Reproduce, exactly and in full, the lines from the one with "Millonarios De Colombia" through the one with "World Court Decides" in the data below; drop pictures.

■ Given data
= = = =

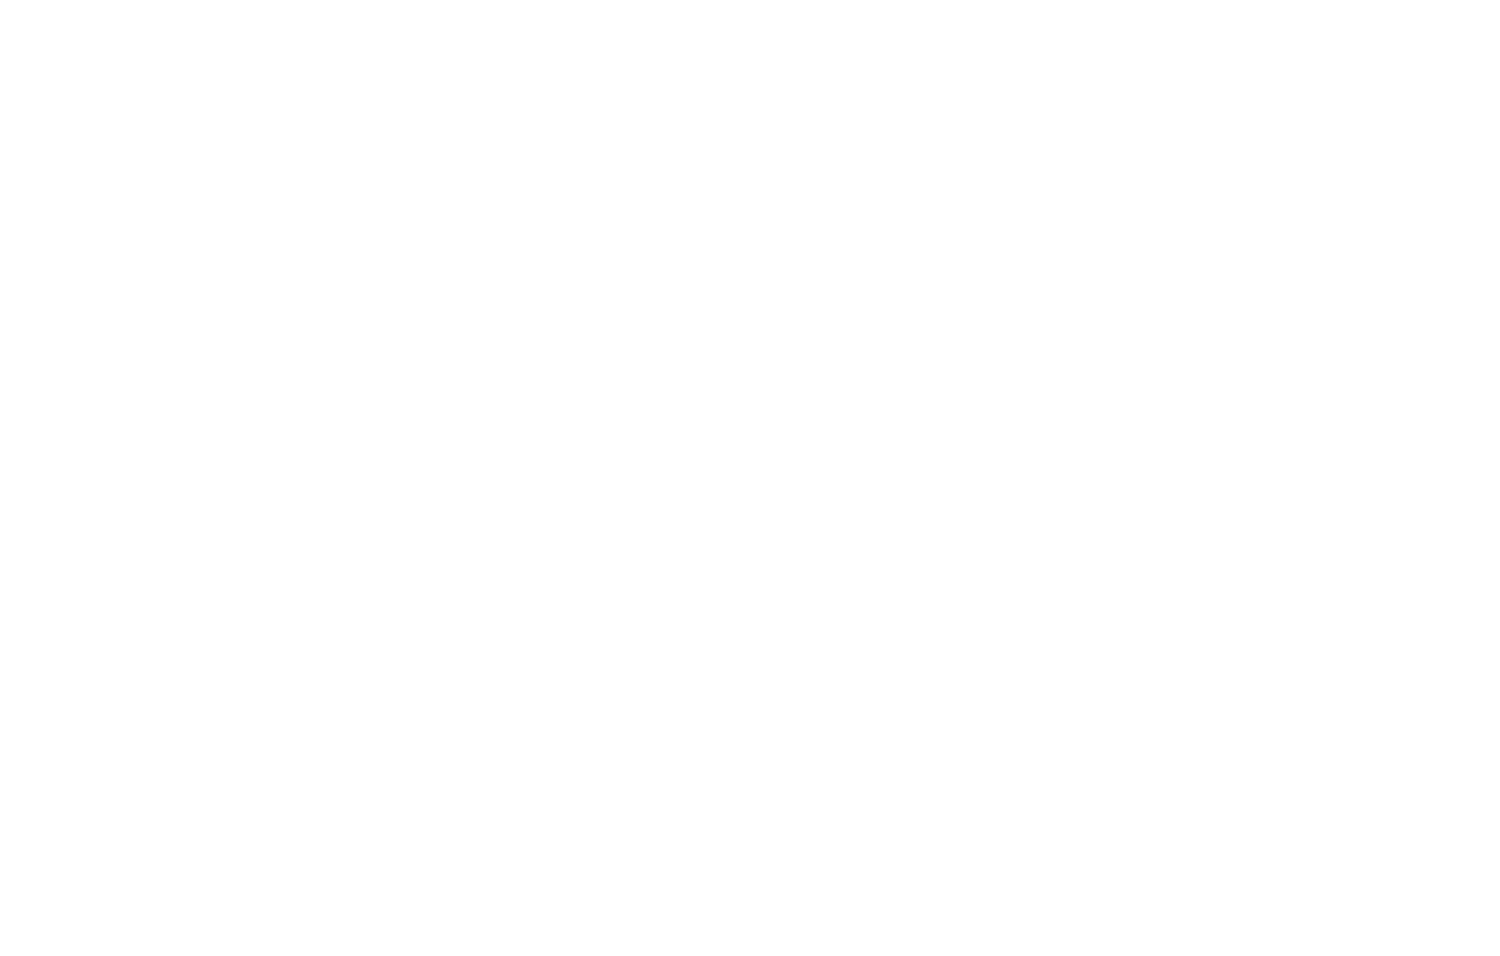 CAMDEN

= = = =

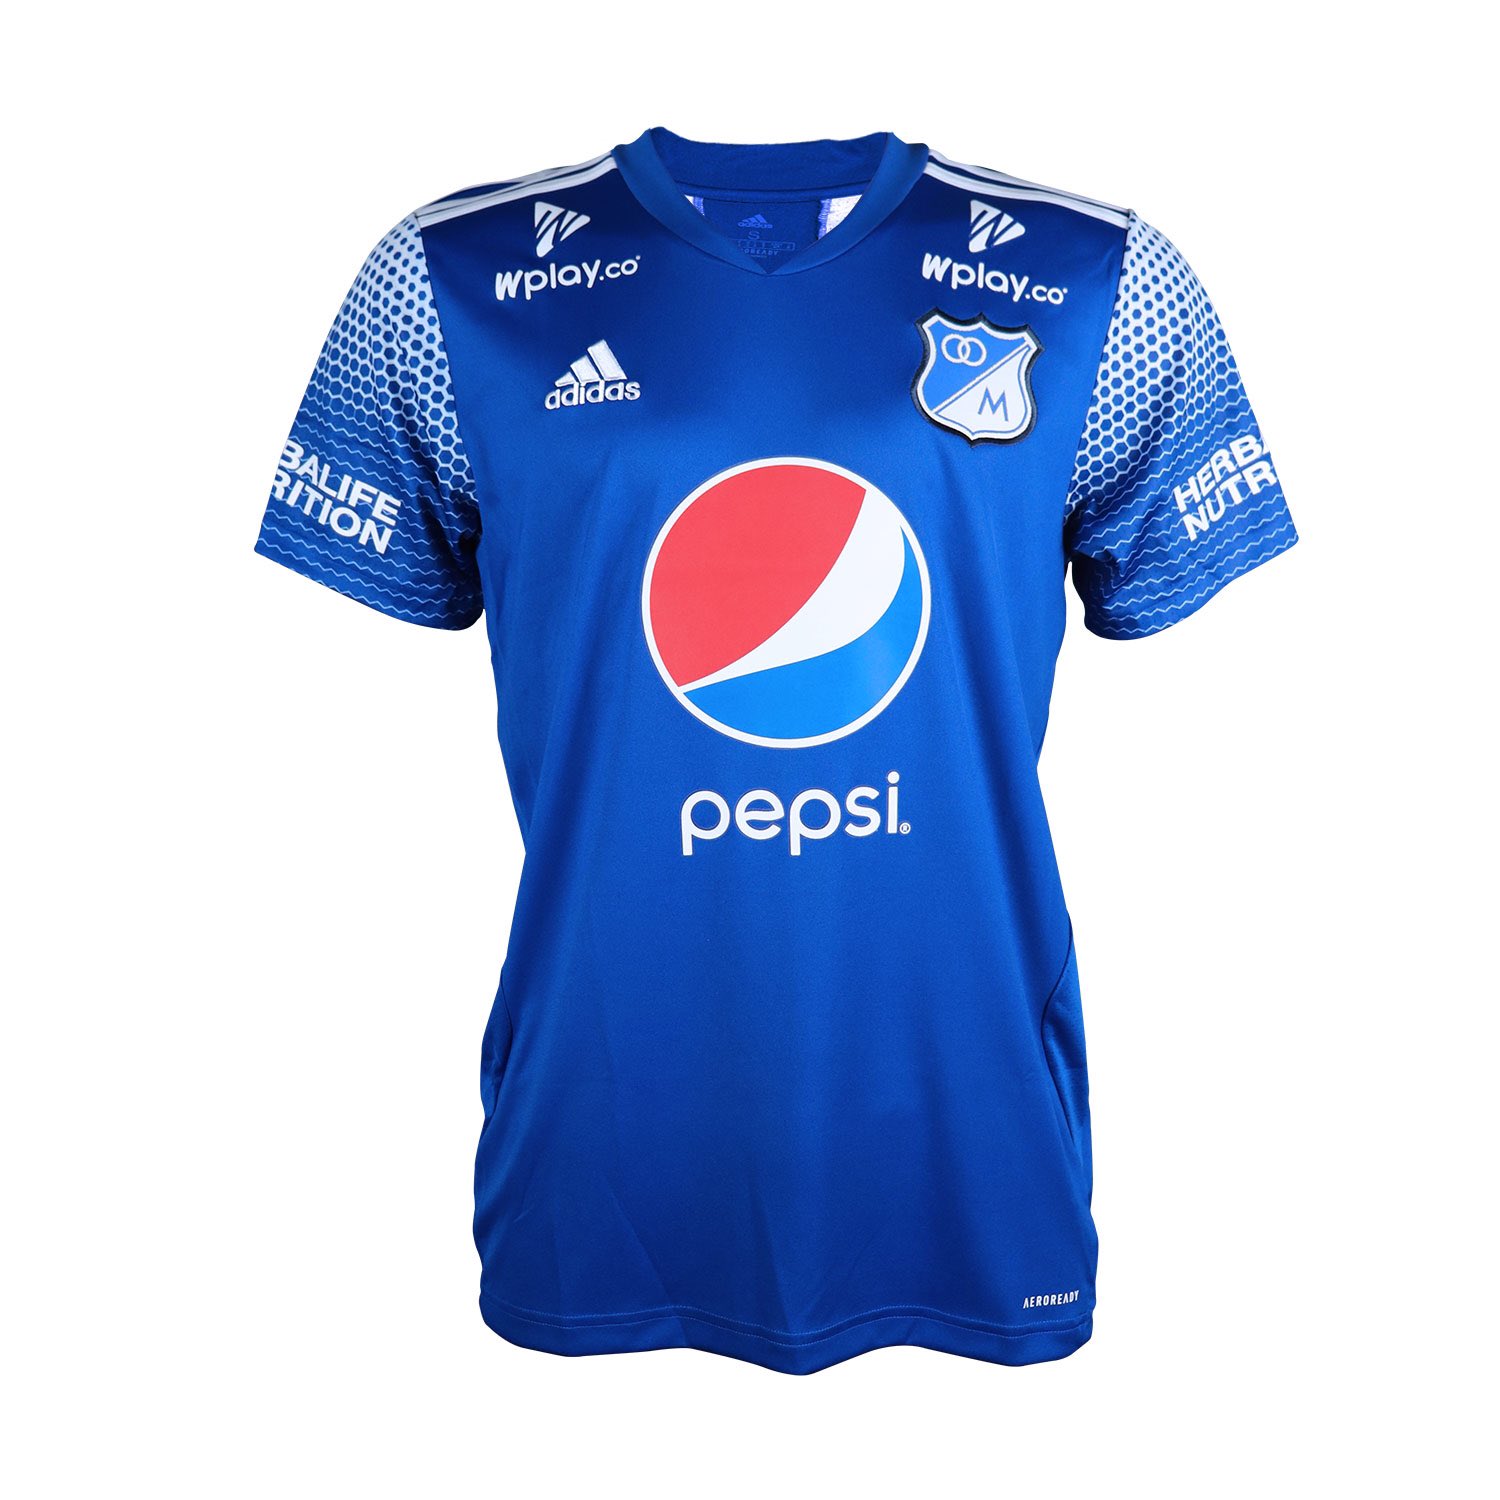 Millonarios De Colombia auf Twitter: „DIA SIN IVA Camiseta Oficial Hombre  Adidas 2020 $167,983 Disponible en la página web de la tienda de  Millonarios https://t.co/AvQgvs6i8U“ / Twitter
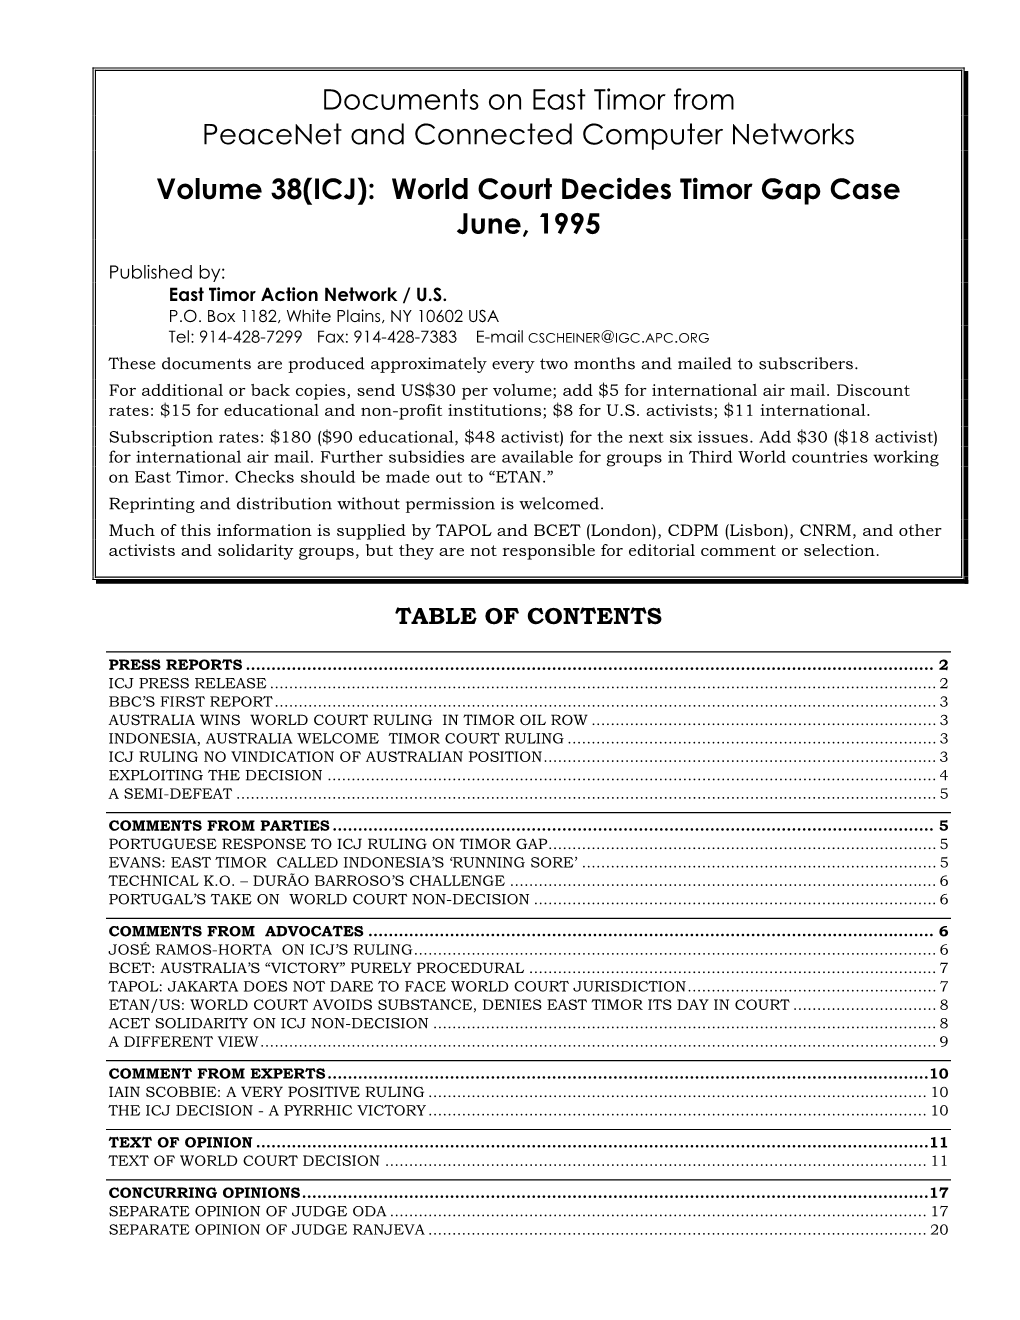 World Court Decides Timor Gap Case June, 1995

= = = =

■ Answer to the problem
 Millonarios De Colombia auf Twitter: „DIA SIN IVA Camiseta Oficial Hombre  Adidas 2020 $167,983 Disponible en la página web de la tienda de  Millonarios https://t.co/AvQgvs6i8U“ / Twitter
 World Court Decides Timor Gap Case June, 1995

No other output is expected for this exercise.